Непальская красная нить - стр. 20
Избегая лишних деталей и домыслов, я сообщила, что посетила академию красоты и редакцию газеты, в итоге вышла на клуб «Лотос Лакшми», куда Алла с большой долей вероятности могла заходить или ходит до сих пор.
– Вам что-нибудь известно об этом клубе? – спросила я, завершив отчет. – Как думаете, Алла заинтересовалась бы таким местом?
– Нет… ничего не известно… Но Алле бы там понравилось… с учетом ее интереса к Востоку… Давайте остановимся…
Он тяжело опустился на скамейку напротив здания Союза художников. Я подала Первухину бутылочку с водой, а сама использовала перерыв, чтобы повторно выполнить растяжку.
Вокруг ни души, город еще спал, лишь ранняя пташка пронеслась мимо на светло-сером «Ниссане», да круглосуточная аптека через дорогу приглашала заглянуть своей открытой дверью.
– Алла нашла в восточной мудрости отдушину, порядок, смысл, – неторопливо рассказывал Первухин, приводя в порядок дыхание и мысли. Вспоминать недавние грустные события подчас тяжелее, чем случившиеся при царе Горохе. – Меня это успокаивало, потому что после смерти Лизы девочке требовались умиротворение и надежда. Знаете, Алла даже татуировку сделала. Падма.
Признаюсь, слово мне незнакомое. Это он про цветок на бедре девушки?
– Что такое падма? – прямо спросила я.
– Символ в виде цветущего лотоса. – Ответ подтвердил мои догадки. – Правда, я своими глазами не видел. Однажды она пришла из тату-салона и сказала, что нашла себе красивую картинку. Показала на телефоне фотографию из альбома. Мы с ней тогда много говорили. Минуты общения между нами стали очень редки в последнее время.
– Вы одобрили татуировку? – Я присела рядом и достала свою бутылочку.
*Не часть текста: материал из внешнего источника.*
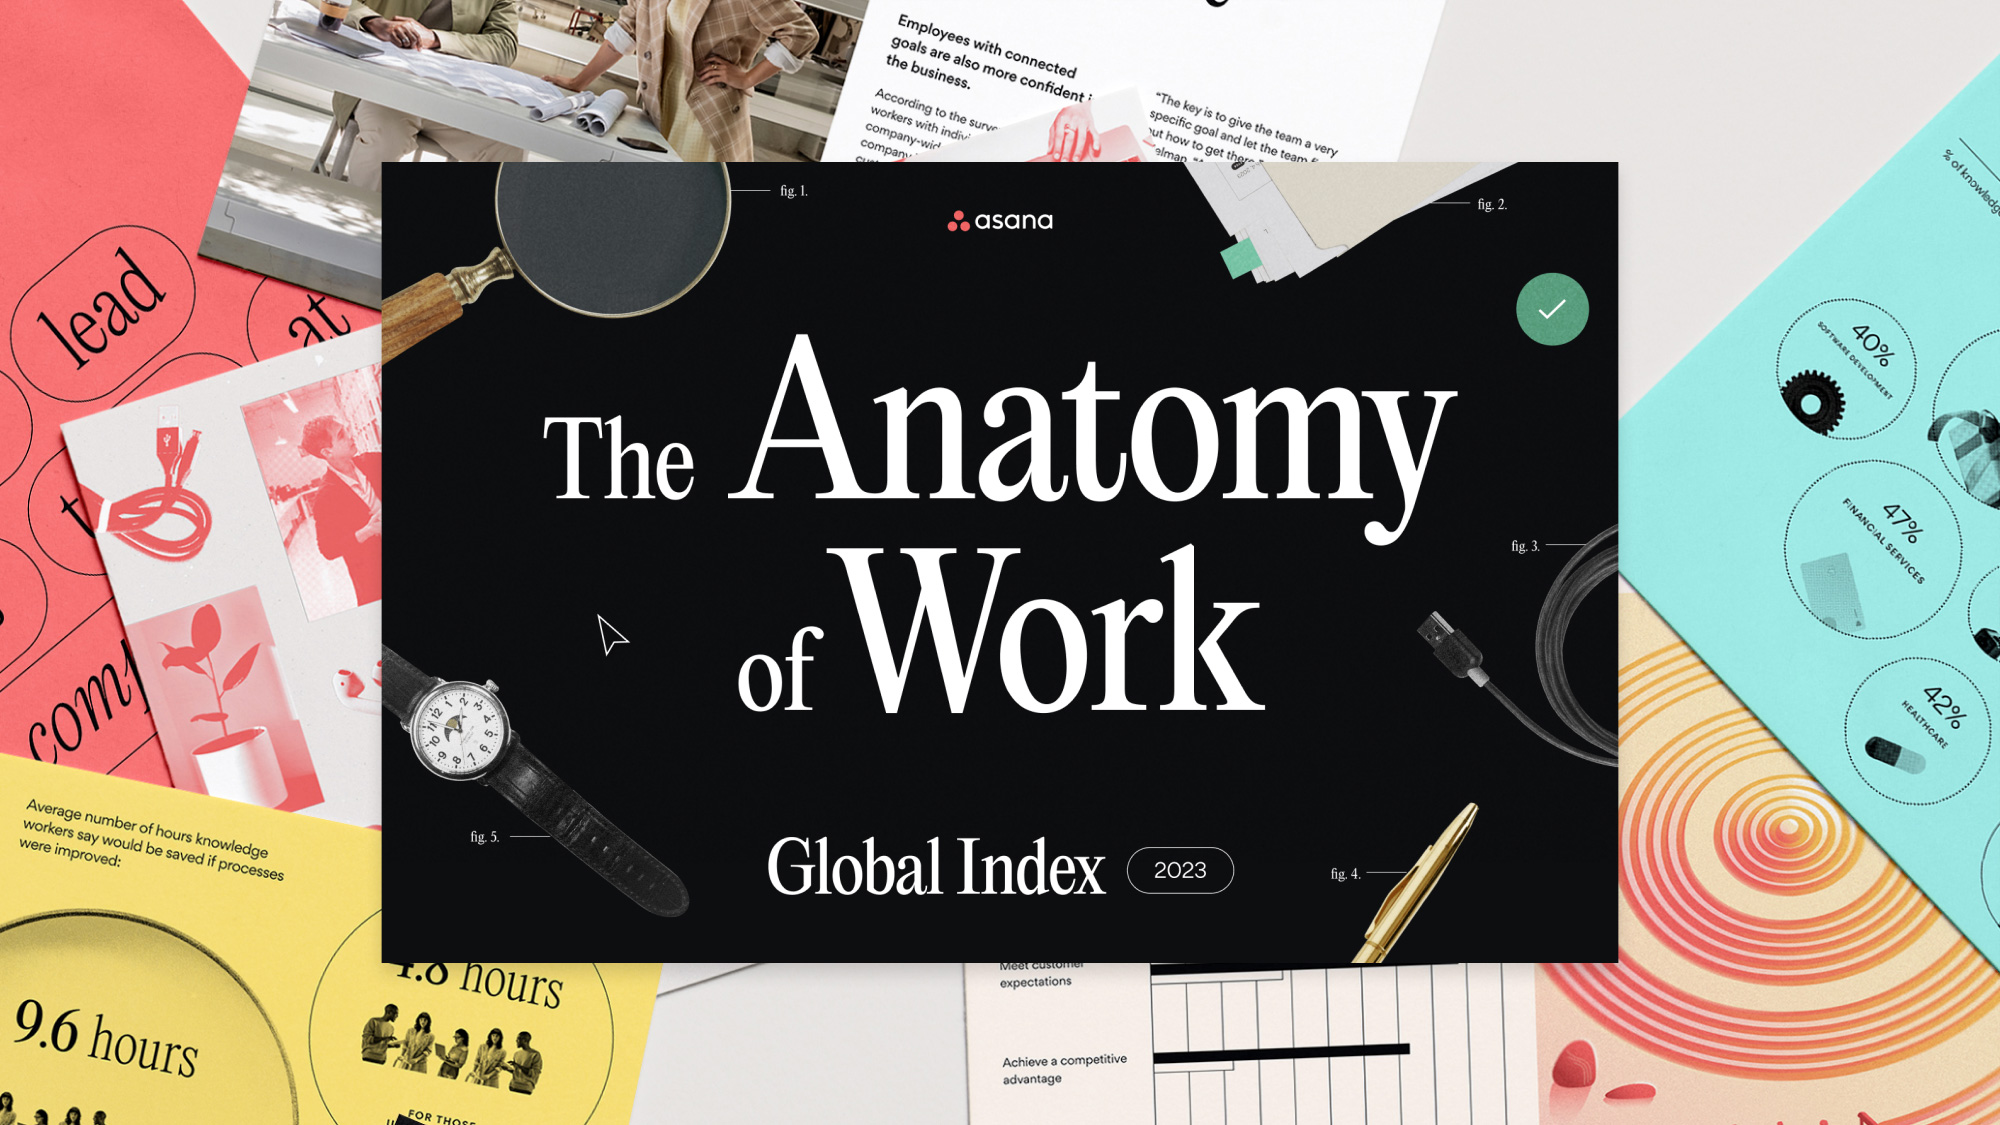 The Anatomy of Work global index

– Нет. Но Алле ничего не сказал. Пусть ходит с татушкой, если хочет.
– Почему не одобрили?
– Тату набивают по двум причинам. Первая – избыток свободного времени и жажда ярких впечатлений, чего-то свеженького. Вторая – подавляемое недовольство собой, желание себя перекромсать. Все равно что резать бритвой лицо перед зеркалом. Тот, кто собой доволен и у кого жизнь насыщена, не нуждается в «рисовании».
Что-то в его словах есть. По крайней мере, мои многолетние наблюдения за людьми отчасти подтверждали выводы Первухина.
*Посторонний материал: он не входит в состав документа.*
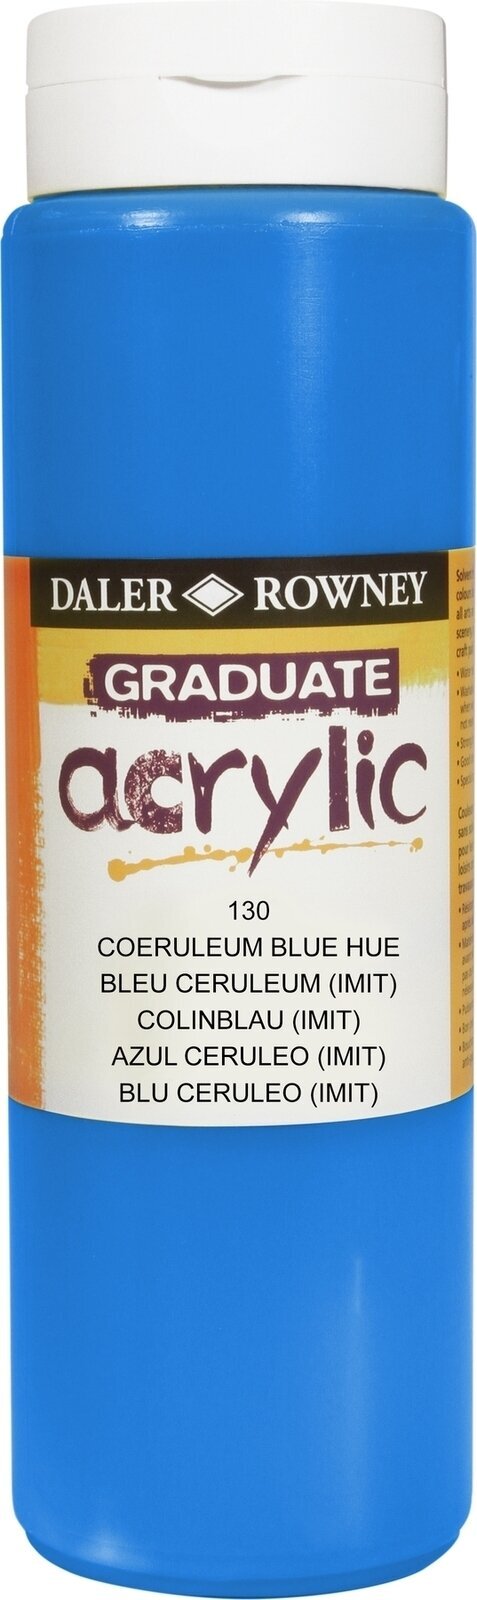 Akrylmaling Daler Rowney Graduate Akrylmaling Coeruleum Blue Hue 500 ml 1 stk.

– Знаете, – продолжал он, – при покраске волос девушка ведь тоже не дурью мается, а хочет каких-то изменений в себе и в своей жизни.
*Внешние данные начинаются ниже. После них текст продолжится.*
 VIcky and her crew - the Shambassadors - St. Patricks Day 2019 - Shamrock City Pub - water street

Ой, не сказала бы! Знакома с двумя дамочками, которые точно дурью маются, когда наведываются в парикмахерскую. Но в целом, опять же, Первухин говорил правильные вещи. Неспроста Светка советует мне покраситься. Пока я блондинка, как уверяет подруга, я останусь незамужней, ибо светлые волосы являются сигналом неготовности женщины к стабильности и серьезным отношениям. Конечно, Светка такой же психолог, как я – испанский летчик. Однако есть над чем призадуматься.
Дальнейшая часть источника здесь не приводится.